Colette, La Vagabonde – La lettre de rupture de Renée

Cher intrus, que j’ai voulu aimer, je t’épargne. Je te laisse ta seule chance de grandir à mes yeux: je m’éloigne. Tu n’auras, à lire ma lettre, que du chagrin. Tu ne sauras pas à quelle humiliante confrontation tu échappes, tu ne sauras pas de quel débat tu fus le prix, le prix que je dédaigne…

Car je te rejette, et je choisis… tout ce qui n’est pas toi. Je t’ai connu, et je te reconnais. N’es-tu pas, en croyant donner, celui qui accapare? Tu étais venu pour partager ma vie… Partager, oui: prendre ta part! Être de moitié dans mes actes, t’introduire à chaque heure dans la pagode secrète de mes pensées, n’est-ce pas? Pourquoi toi plutôt qu’un autre? Je l’ai fermée à tous.

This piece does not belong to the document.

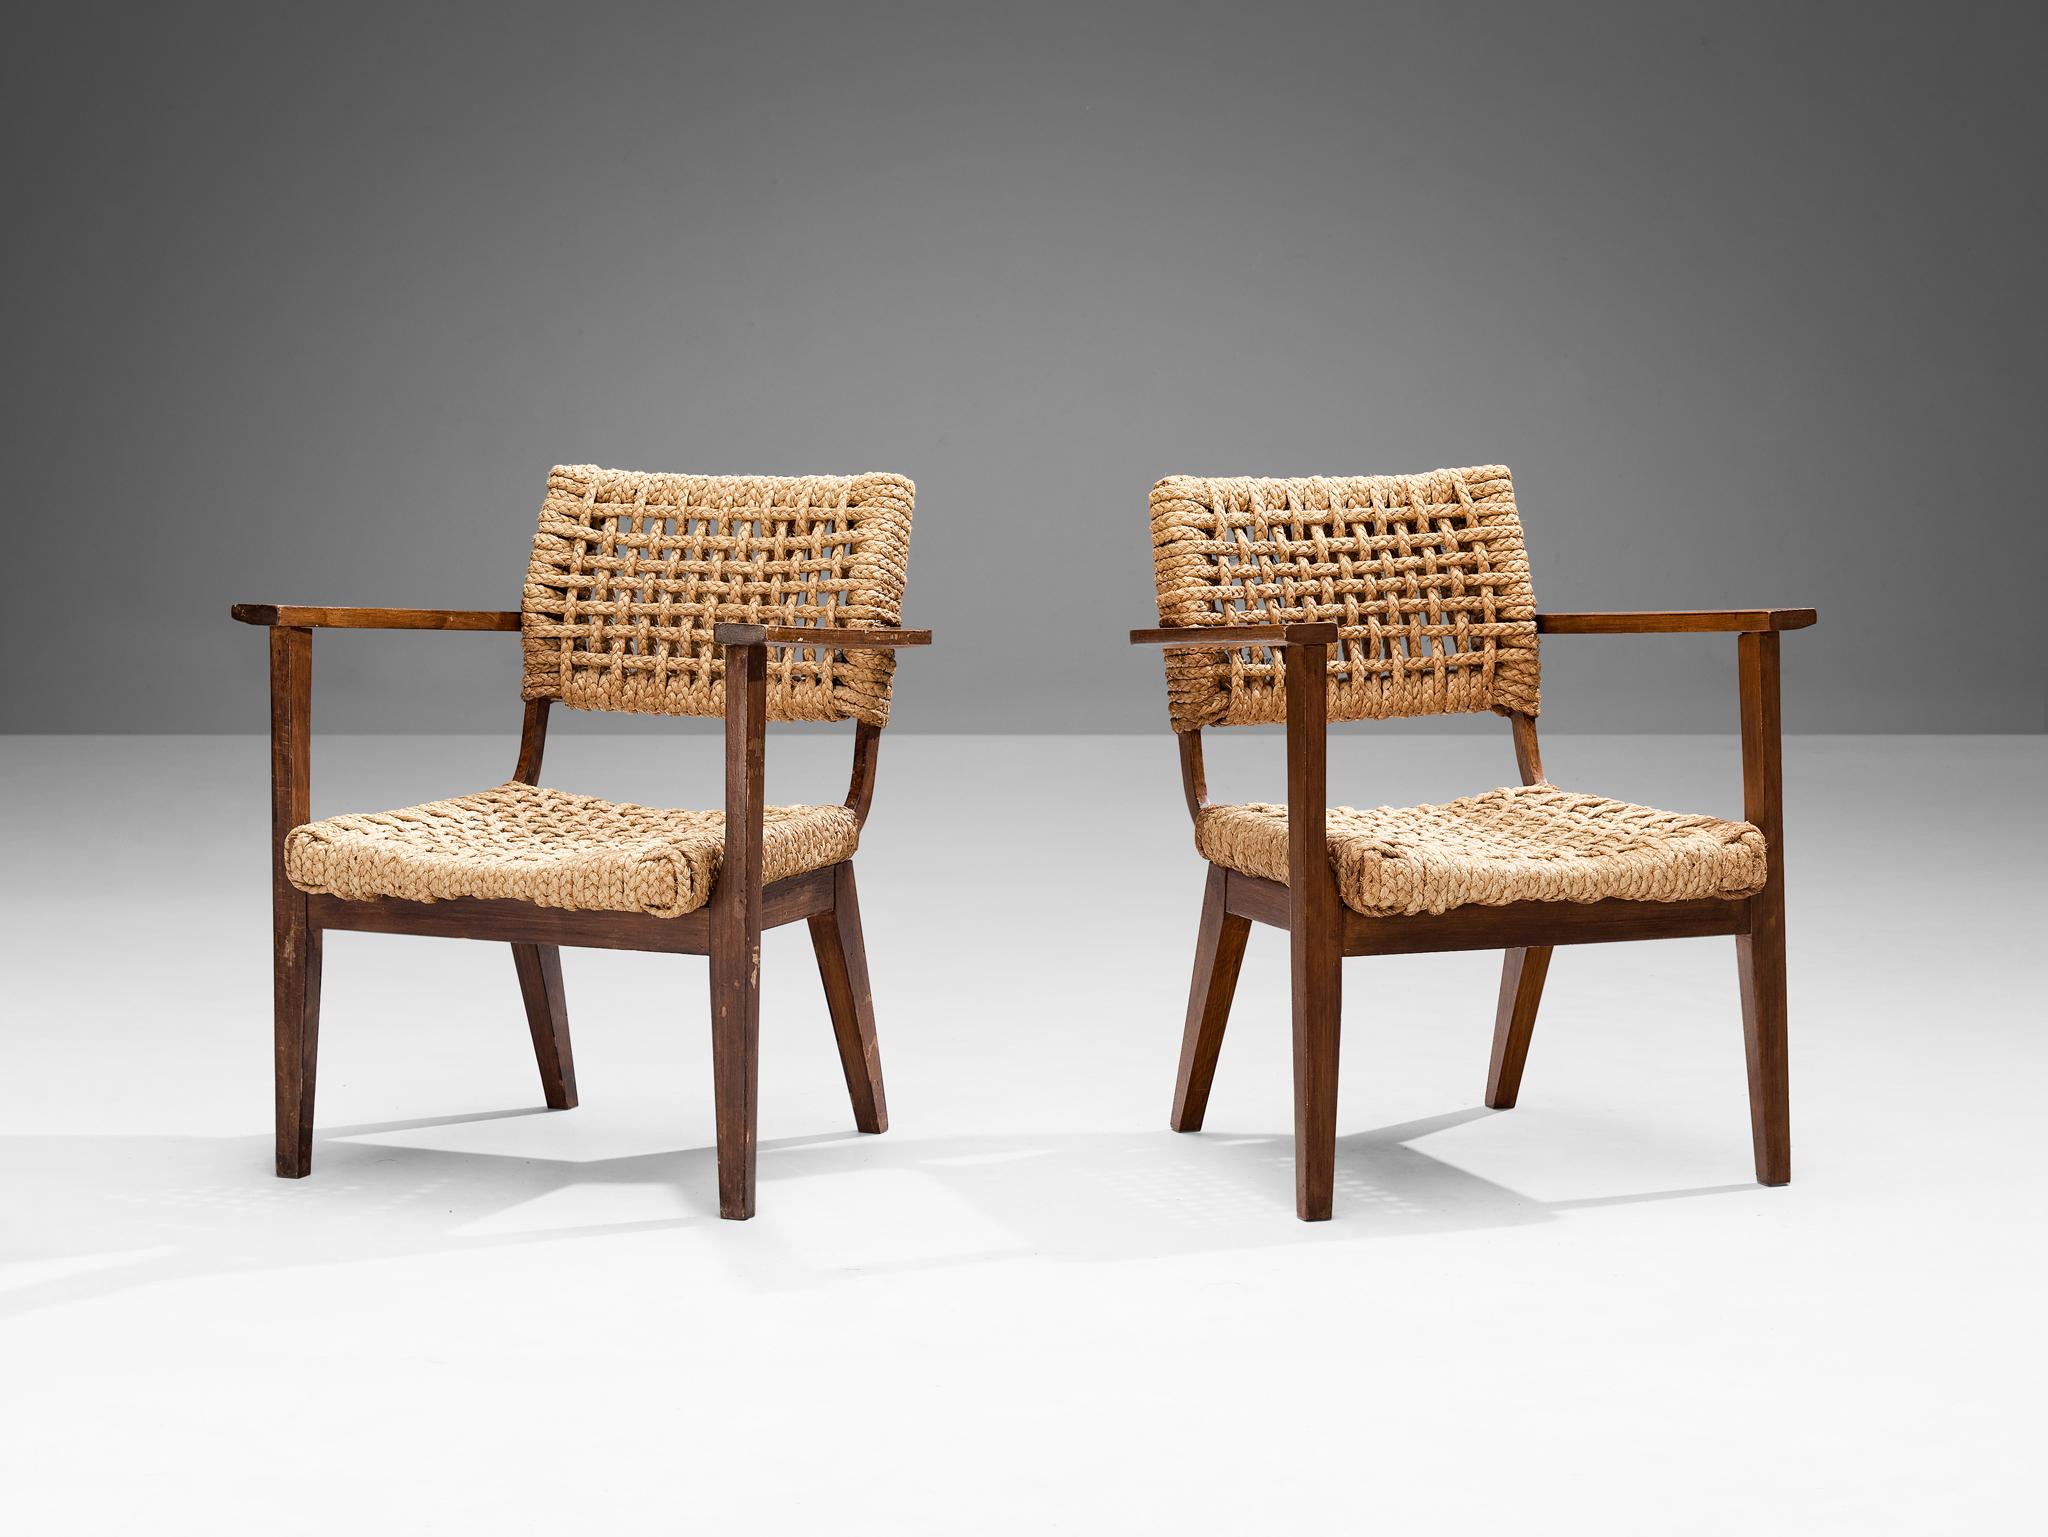 Adrien Audoux & Frida Minet for Vibo, pair of armchairs, stained beech, straw, France, 1950s

Pair of armchairs designed by the duo Adrien Audoux and Frida Minet. The seating and backrest are made of woven hemp from the abaca plant which is close

Tu es bon, et tu prétendais, de la meilleure foi du monde, m’apporter le bonheur, car tu m’as vue dénuée et solitaire. Mais tu avais compté sans mon orgueil de pauvresse: les plus beaux pays de la terre, je refuse de les contempler, tout petits, au miroir amoureux de ton regard…

Le bonheur? es-tu sûr que le bonheur me suffise désormais?… Il n’y a pas que le bonheur qui donne du prix à la vie. Tu me voulais illuminer de cette banale aurore, car tu me plaignais obscure. Obscure, si tu veux: comme une chambre vue du dehors. Sombre et non obscure. Sombre et parée par les soins d’une vigilante tristesse: argentée et crépusculaire comme l’effraie, comme la souris soyeuse, comme l’aile de la mite. Sombre, avec le rouge reflet d’un déchirant souvenir… Mais tu es celui devant qui je n’aurais plus le droit d’être triste…

Je m’échappe, mais je ne suis pas quitte encore de toi, je le sais. Vagabonde, et libre, je souhaiterai parfois l’ombre de tes murs… Combien de fois vais-je retourner à toi, cher appui où je me repose et me blesse? Combien de temps vais-je appeler ce que tu pouvais me donner, une longue volupté, suspendue, attisée, renouvelée… la chute ailée, l’évanouissement où les forces renaissent de leur mort même… Le bourdonnement musical du sang affolé… l’odeur de santal brûlé et d’herbe foulée… Ah! tu seras longtemps une des soifs de ma route!